Introduction to pre-processing functions in the quanteda.extras R package
library(quanteda.extras)
library(tidyverse)
Pre-processing
The preprocess_text() function takes the following logical
(TRUE/FALSE) arguments:
contractions (if set to TRUE contractions will be separated so that, for example, can’t becomes ca n’t)
hyphens (if set to TRUE hyphens will be replaced by spaces)
punctuation (if set to TRUE all punctuation marks will be exluded)
lower_case (if set to TRUE all strings are converted to lower case)
accent_replace (if set to TRUE accented chacaracters will be replaced by unaccented ones)
remove_numers (if set to TRUE strings made up of numbers will be eliminated)
Warning
The preprocess_text() function takes a string vector. In the examples below, you will see it applied to a simple vector. It can also be applied to a column. A tidyverse method, for example, would be to use mutate() to manipulate a readtext text column: mutate(text = preprocess_text(text)).
Do not apply the function to an entire data frame or matrix.
contractions:
a <- preprocess_text("can't won't we'll its' it's")
b <- preprocess_text("can't won't we'll its' it's", contractions = FALSE)
TRUE |
|---|
ca n’t wo n’t we ll its it s |
FALSE |
|---|
can’t won’t we’ll its it’s |
hyphens:
a <- preprocess_text("un-knowable bluish-gray slo-mo stop-")
b <- preprocess_text("un-knowable bluish-gray slo-mo stop-", hypens = FALSE)
TRUE |
|---|
un knowable bluish gray slo mo stop |
FALSE |
|---|
un-knowable bluish-gray slo-mo stop |
punctuation:
a <- preprocess_text("u.k. 50% 'cat' #great now?")
b <- preprocess_text("u.k. 50% 'cat' #great now?", punctuation = FALSE)
TRUE |
|---|
u.k 50 cat great now |
FALSE |
|---|
u.k. 50% ‘cat’ #great now? |
lower_case:
a <- preprocess_text("U.K. This A-1 1-A")
b <- preprocess_text("U.K. This A-1 1-A", lower_case = FALSE)
TRUE |
|---|
u.k this a 1 1 a |
FALSE |
|---|
U.K This A 1 1 A |
accent_replace:
a <- preprocess_text("fiancée naïve façade")
b <- preprocess_text("fiancée naïve façade", accent_replace = FALSE)
TRUE |
|---|
fiancee naive facade |
FALSE |
|---|
fiancée naïve façade |
remove_numbers:
a <- preprocess_text("a-1 b2 50% 99 10,000", remove_numbers = TRUE)

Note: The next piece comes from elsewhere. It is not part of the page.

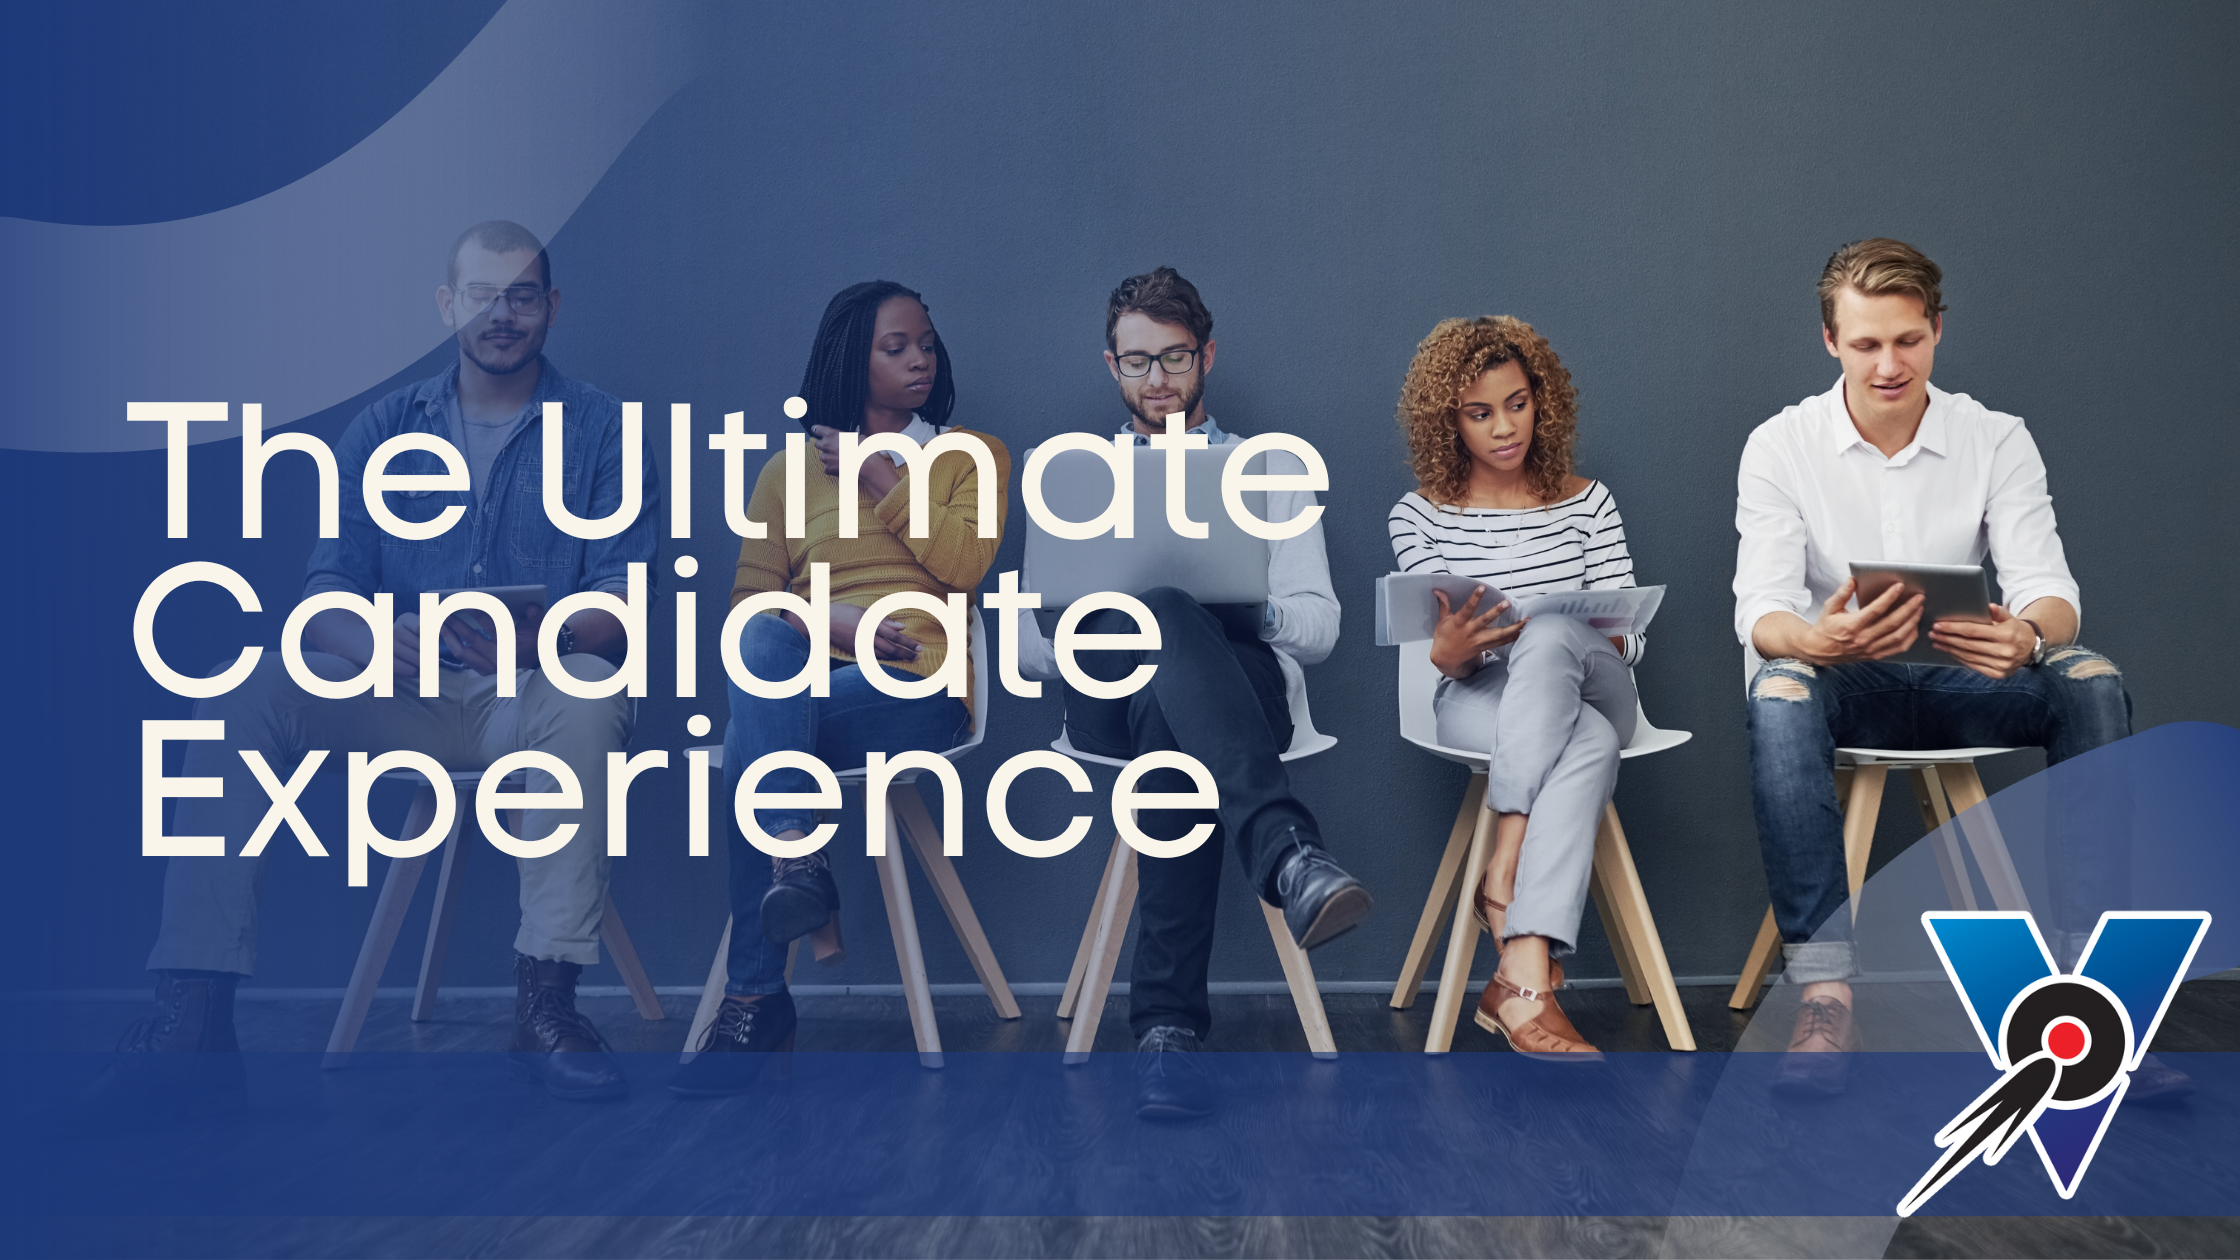 The Ultimate Candidate Experience

b <- preprocess_text("a-1 50% 99 10,000")
TRUE |
|---|
a b2 |
FALSE |
|---|
a 1 50 99 10,000 |
Note
These options represent some procedures that are common when “cleaning” texts. They give additional control over how a corpus is later “tokenized”. These are not intended to be comprehensive.
Depending on one’s data there may be other, specific ways a corpus needs to be processed prior to tokenizing.
The textclean package offers a host of options for pre-processing tasks. In addition, the tokens() function in quanteda has a variety of built-in options, some similar to the ones described above.
And, of course, one can use either native R gsub() or
stringr tidyverse to create task-specific text processing functions.